(Collected material):
■ ■ ■ ■ ■ ■ ■

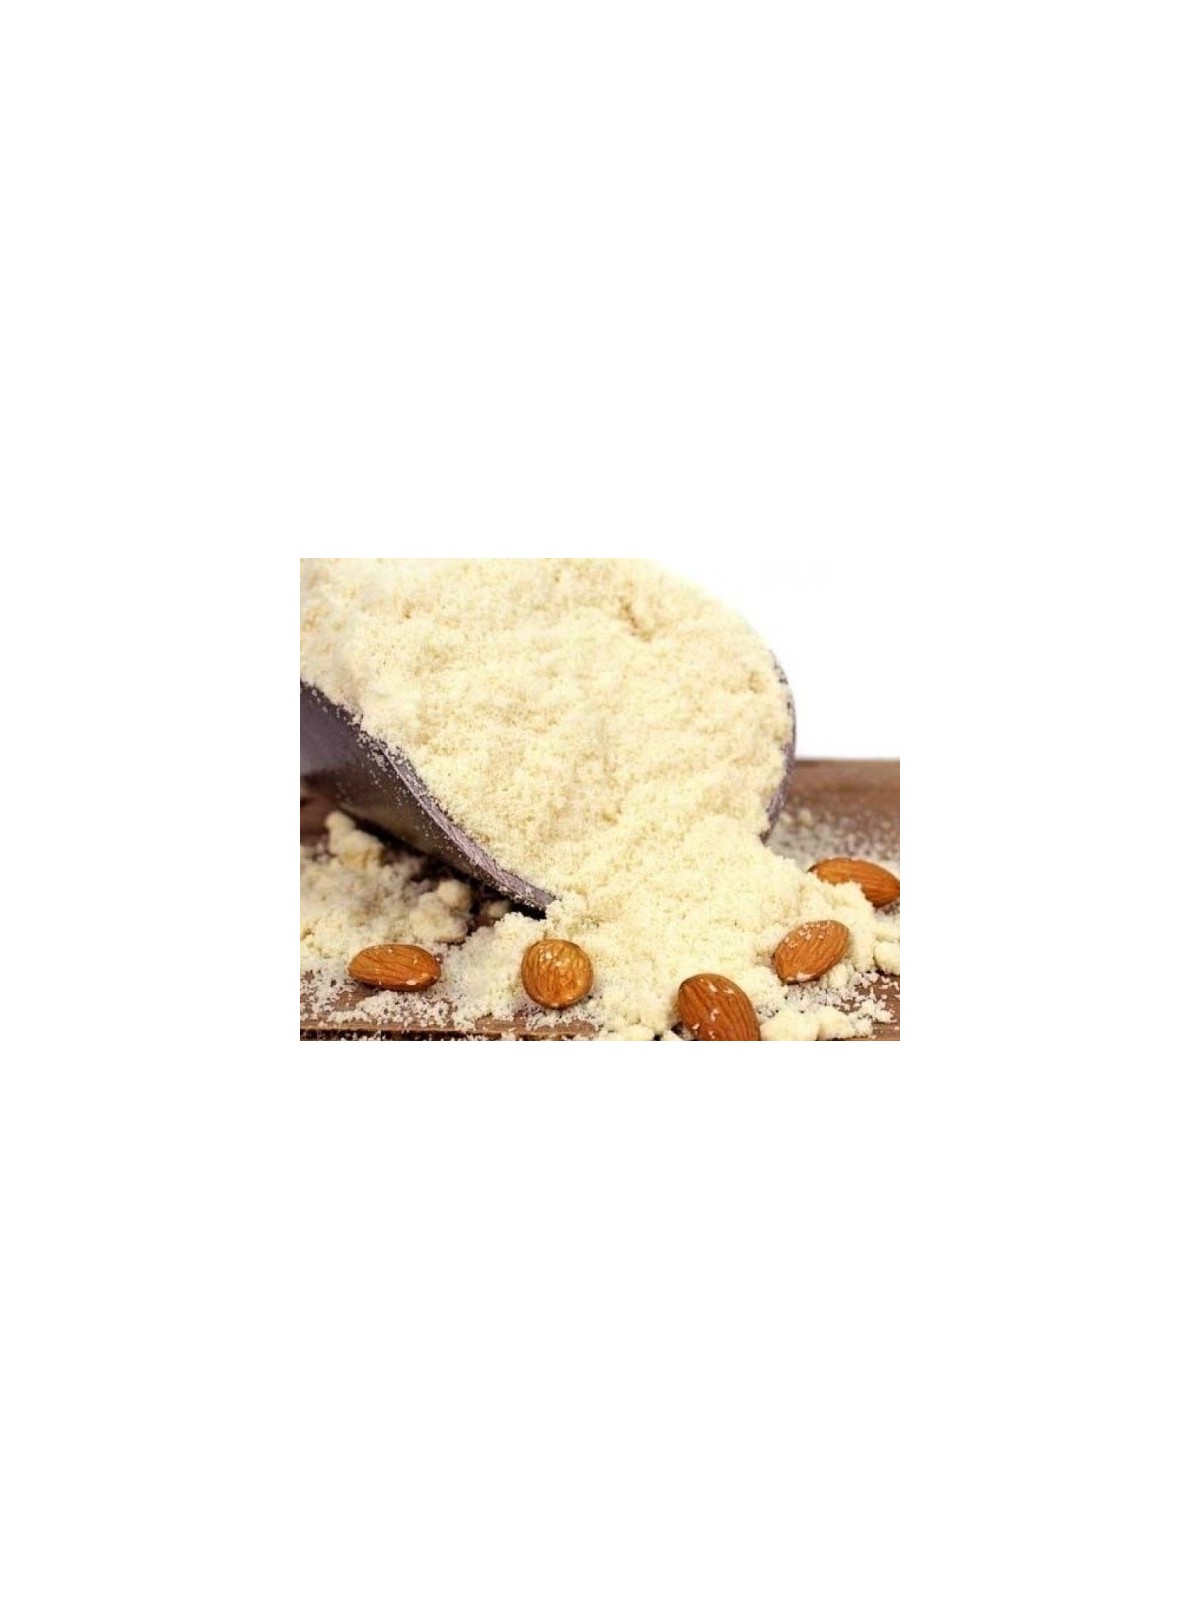 FINE Almond flour 100% - 200g
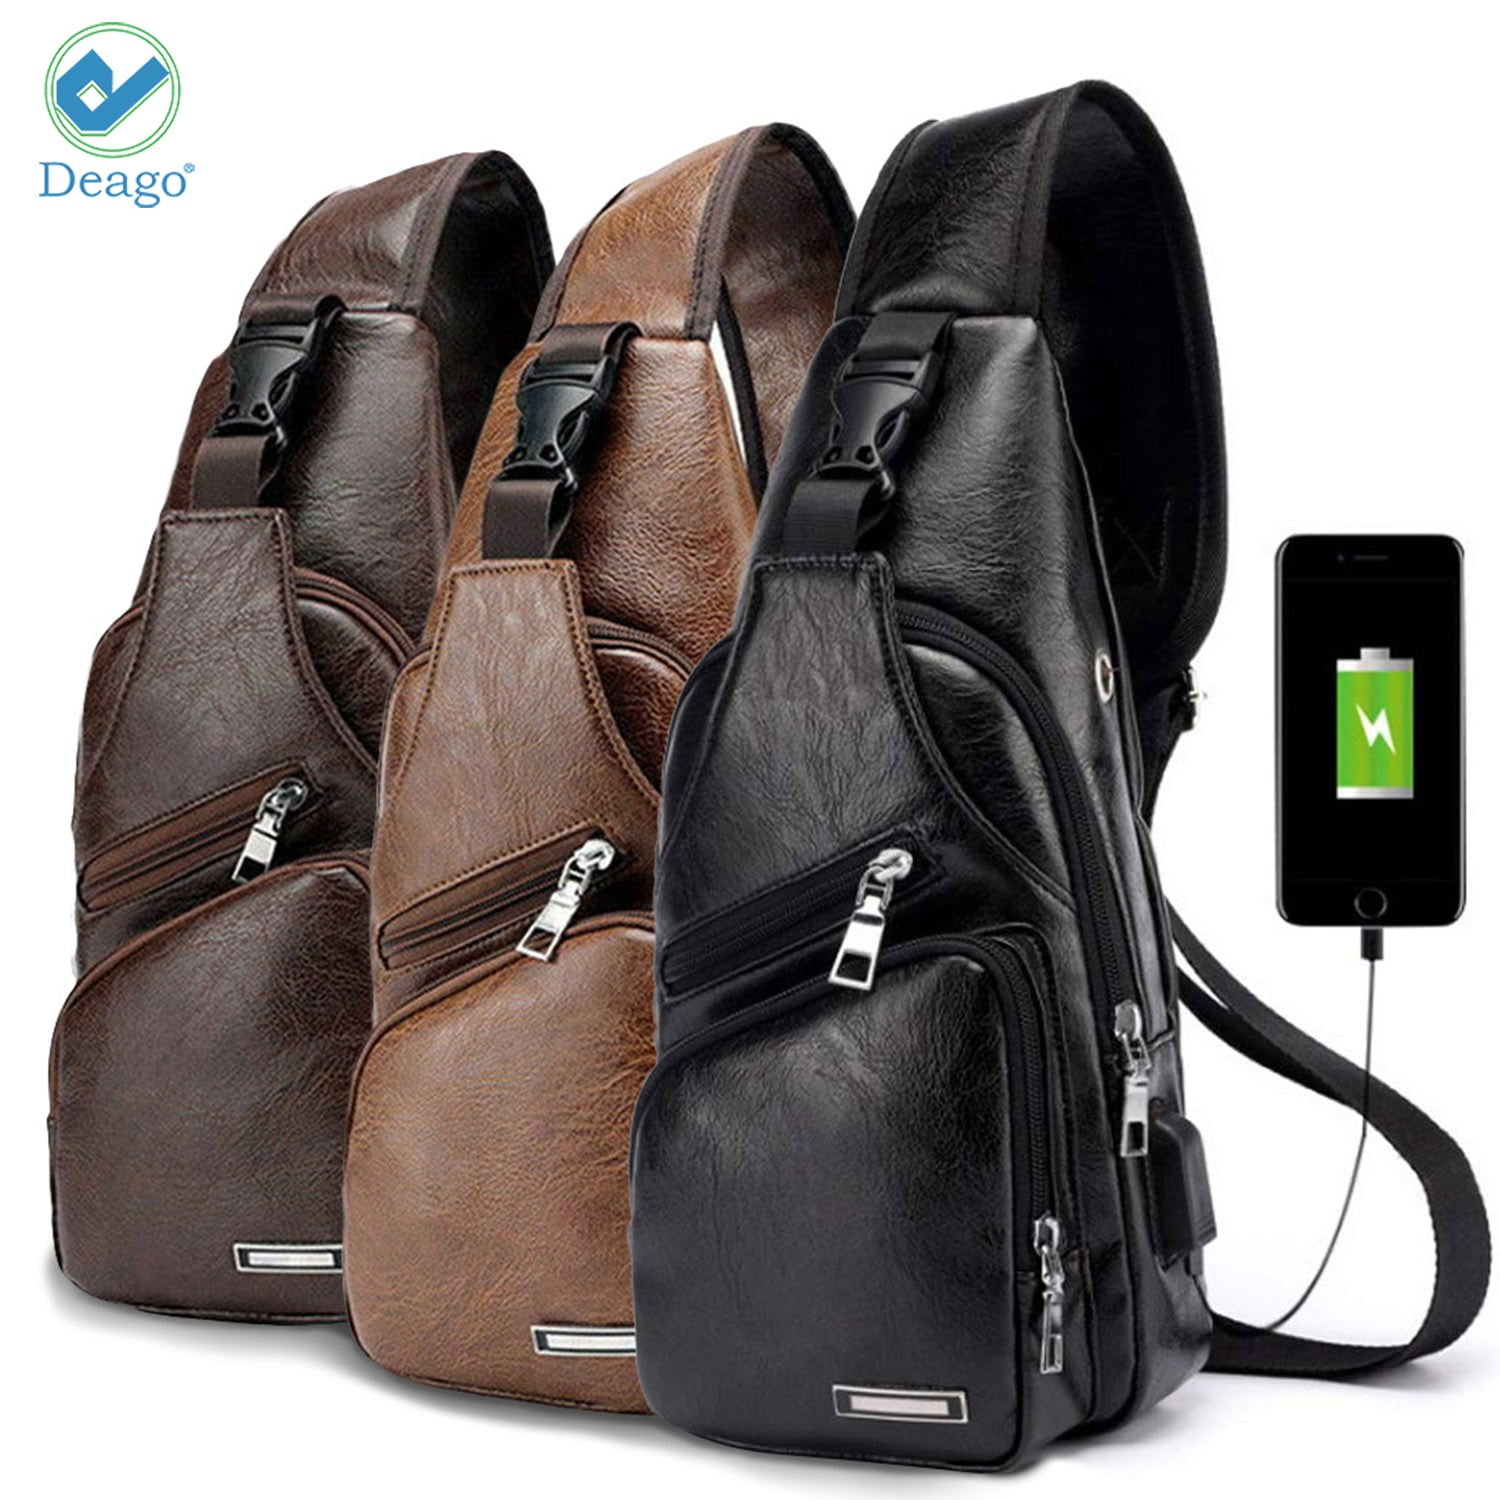 CWeep Headphone Men PU Leather Crossbody Sling Bag,Shoulder Chest Backpack USB Charging Port/Headphone Interface Anti Theft Travel/Hiking/School Dark Brown
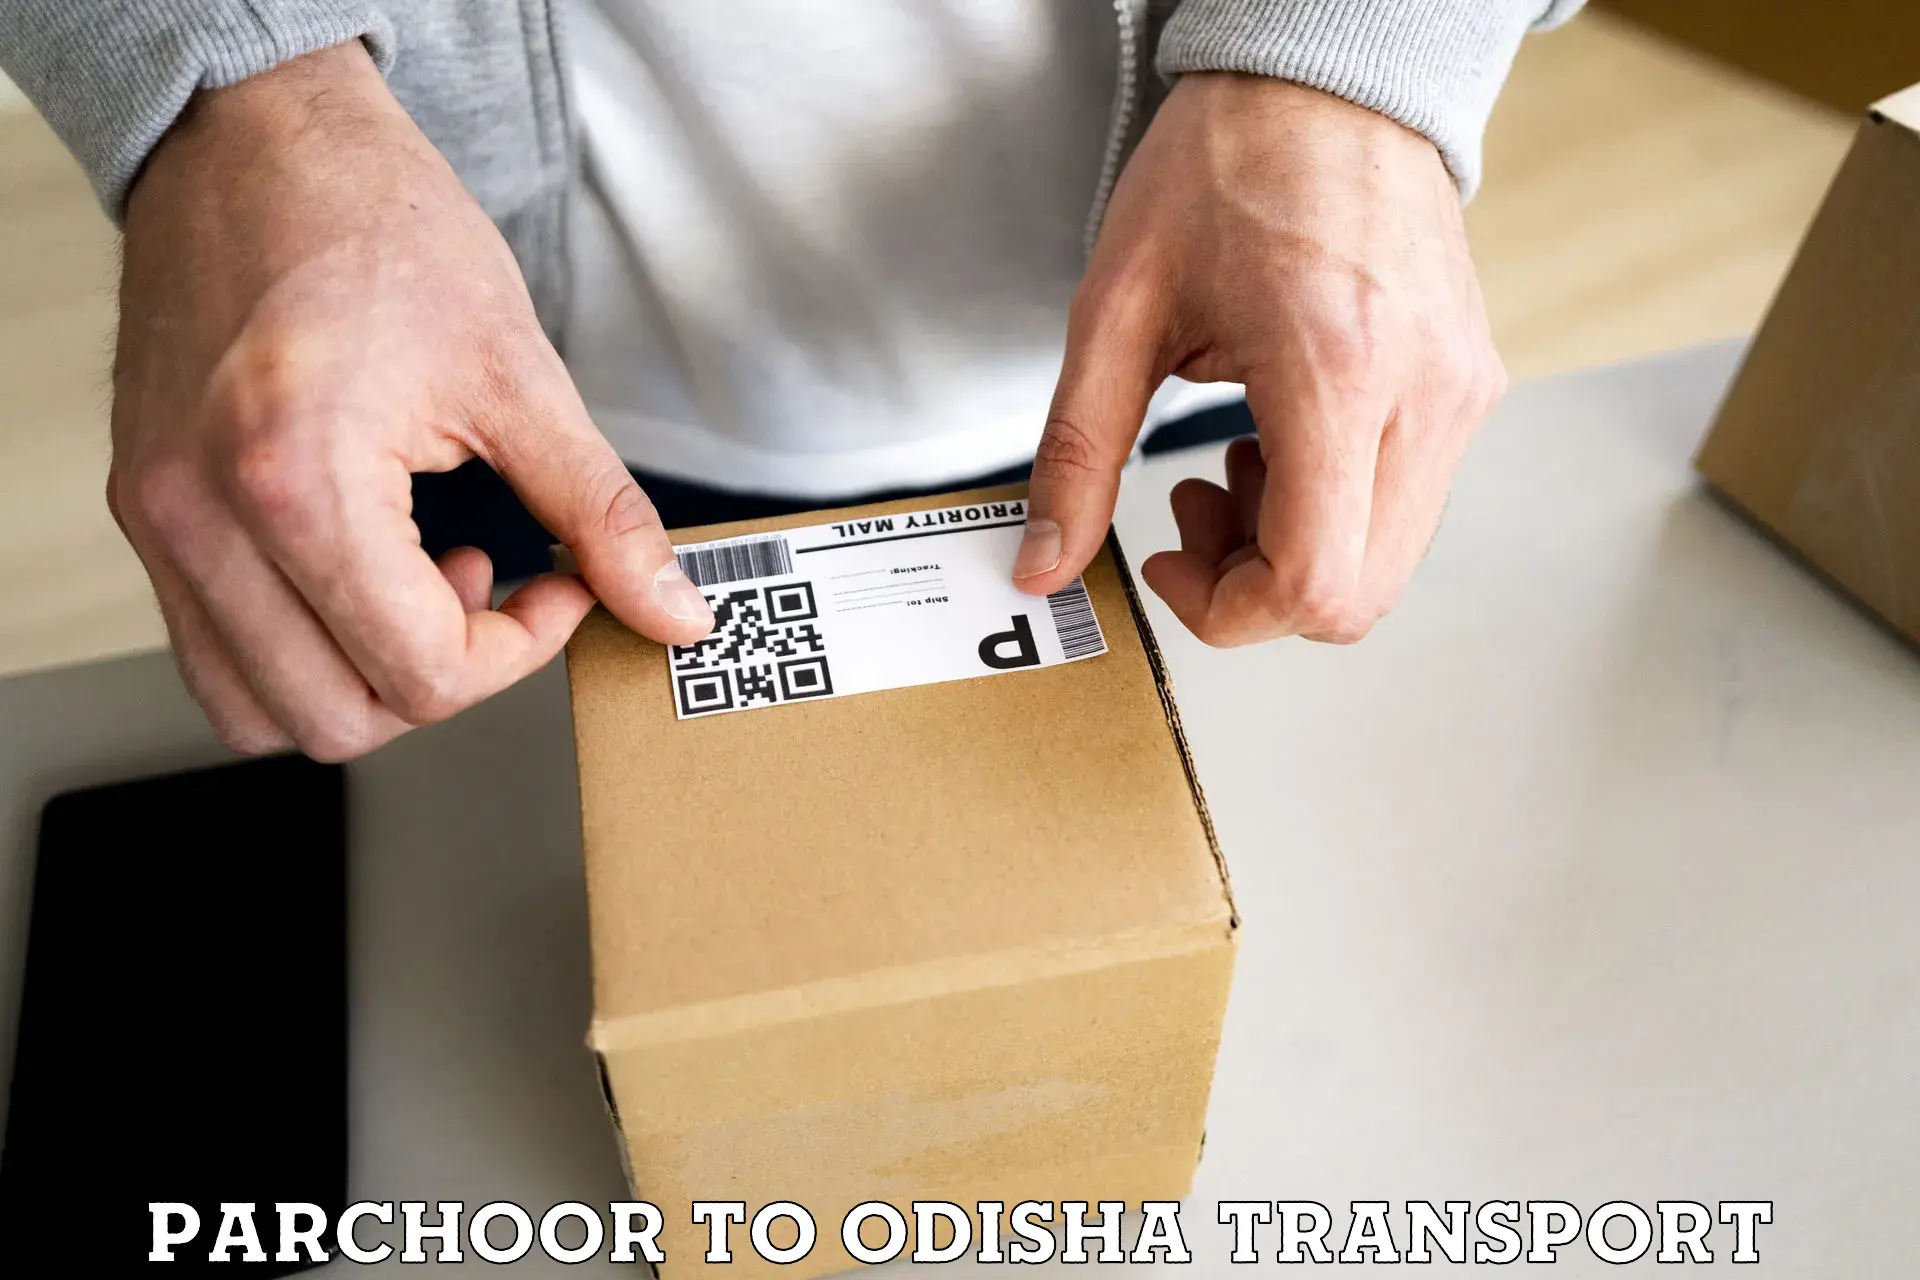 Delivery service Parchoor to Sambalpur

■ ■ ■ ■ ■ ■ ■

None of the pictures belong in the copy; repeat all other material exactly.

(Output of the task):
 FINE Almond flour 100% - 200g
 CWeep Headphone Men PU Leather Crossbody Sling Bag,Shoulder Chest Backpack USB Charging Port/Headphone Interface Anti Theft Travel/Hiking/School Dark Brown
 Delivery service Parchoor to Sambalpur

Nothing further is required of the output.